### Directions
Would you copy the listing below exactly, keeping the pictures out?

### Provided material

==========

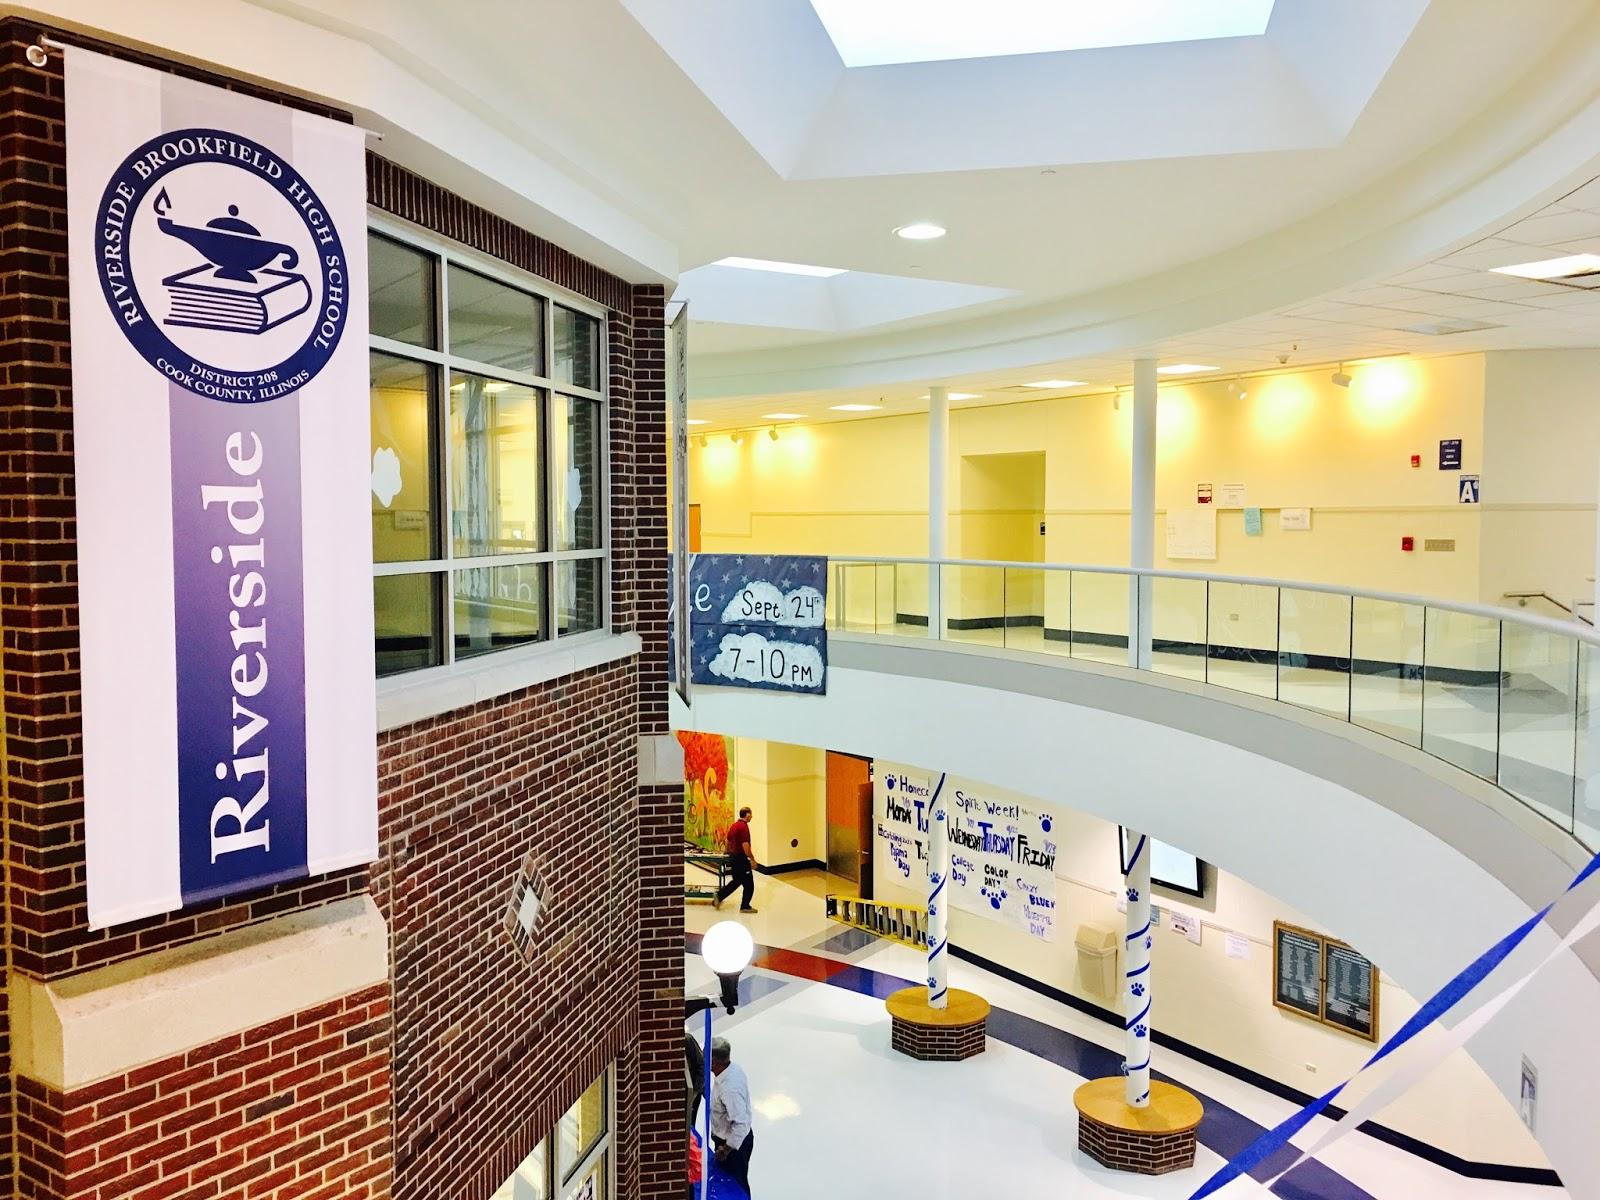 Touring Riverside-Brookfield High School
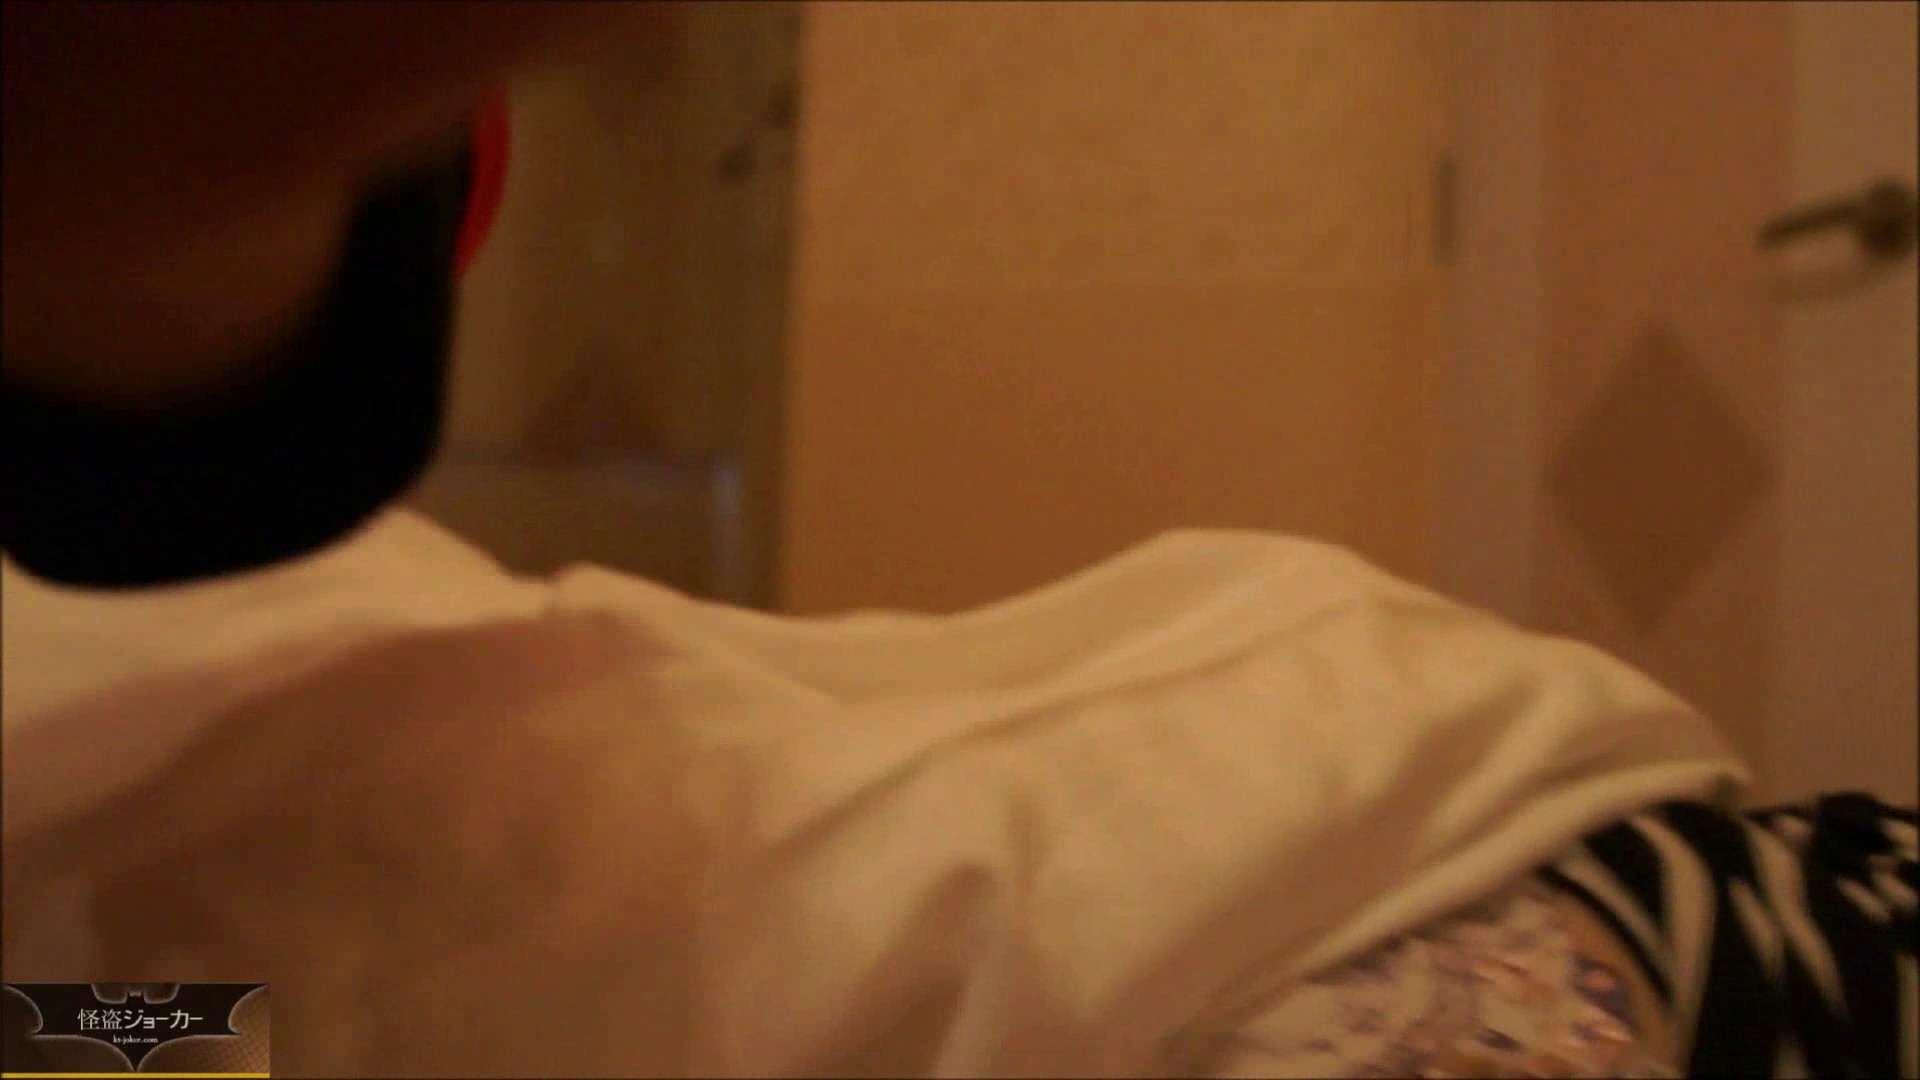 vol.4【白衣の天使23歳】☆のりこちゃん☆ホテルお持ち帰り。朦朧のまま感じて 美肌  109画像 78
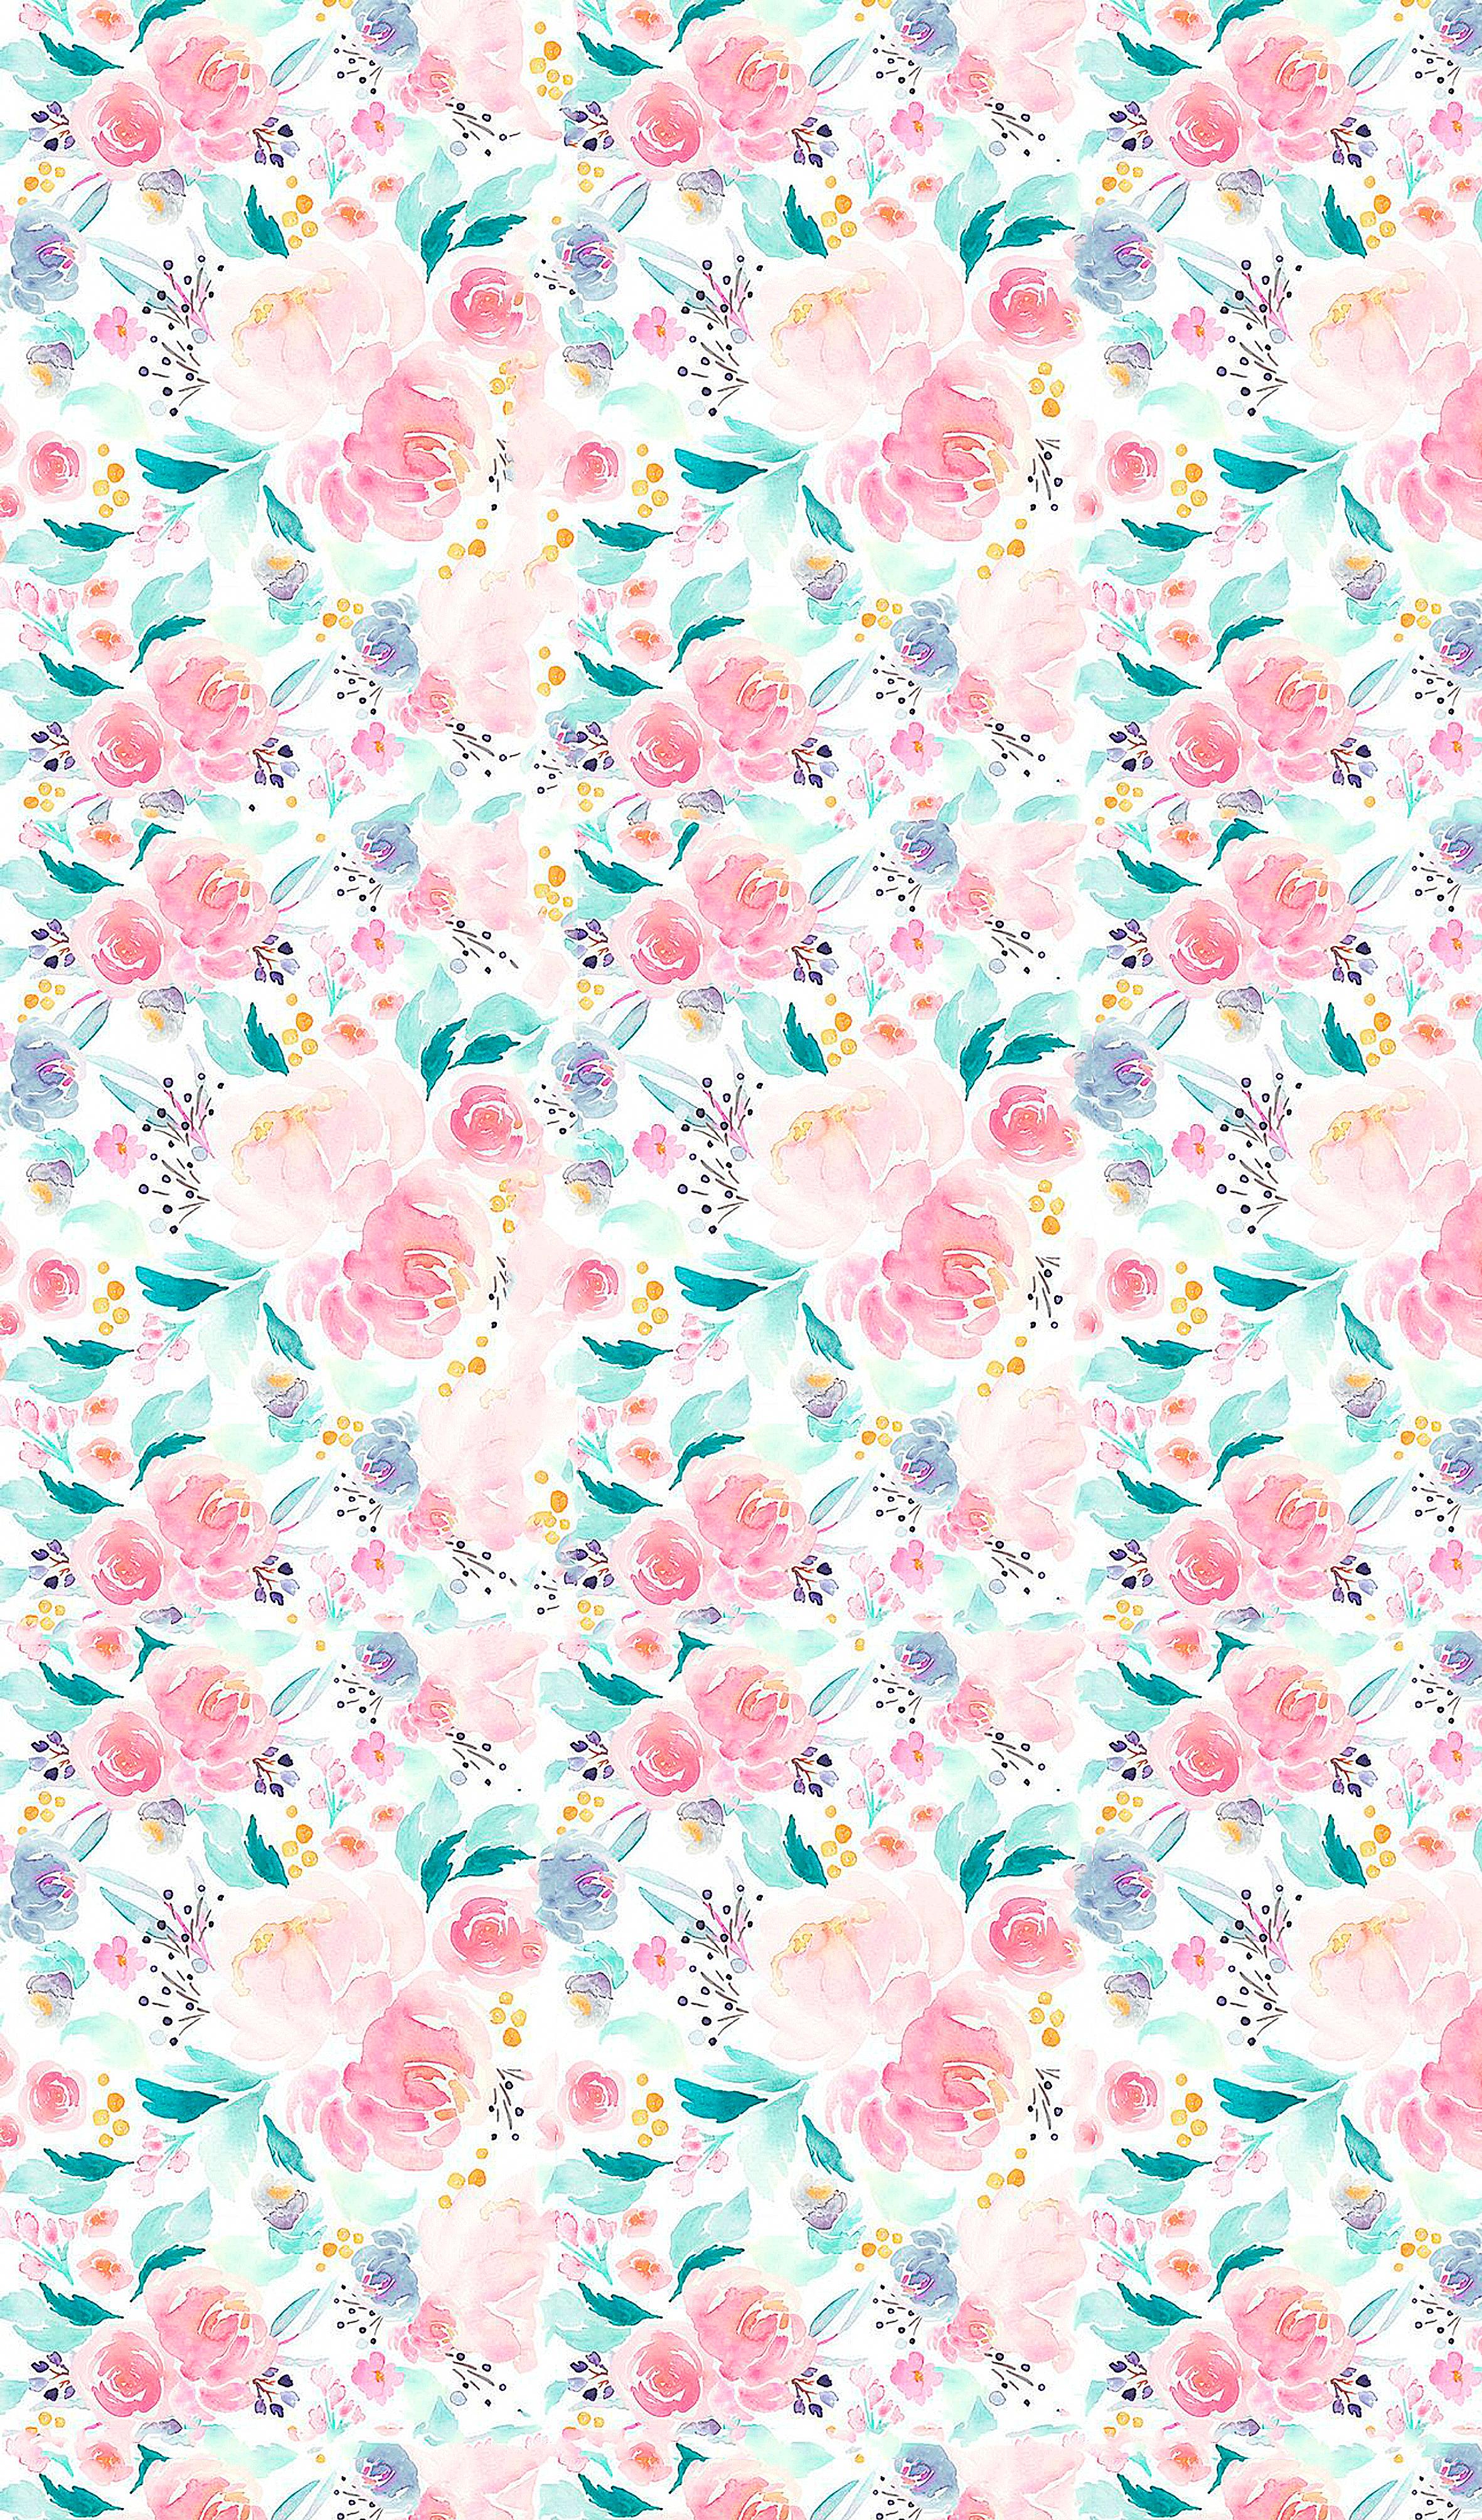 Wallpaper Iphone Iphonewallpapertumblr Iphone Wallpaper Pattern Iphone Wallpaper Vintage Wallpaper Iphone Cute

==========

### Task output
 Touring Riverside-Brookfield High School
 vol.4【白衣の天使23歳】☆のりこちゃん☆ホテルお持ち帰り。朦朧のまま感じて 美肌  109画像 78
 Wallpaper Iphone Iphonewallpapertumblr Iphone Wallpaper Pattern Iphone Wallpaper Vintage Wallpaper Iphone Cute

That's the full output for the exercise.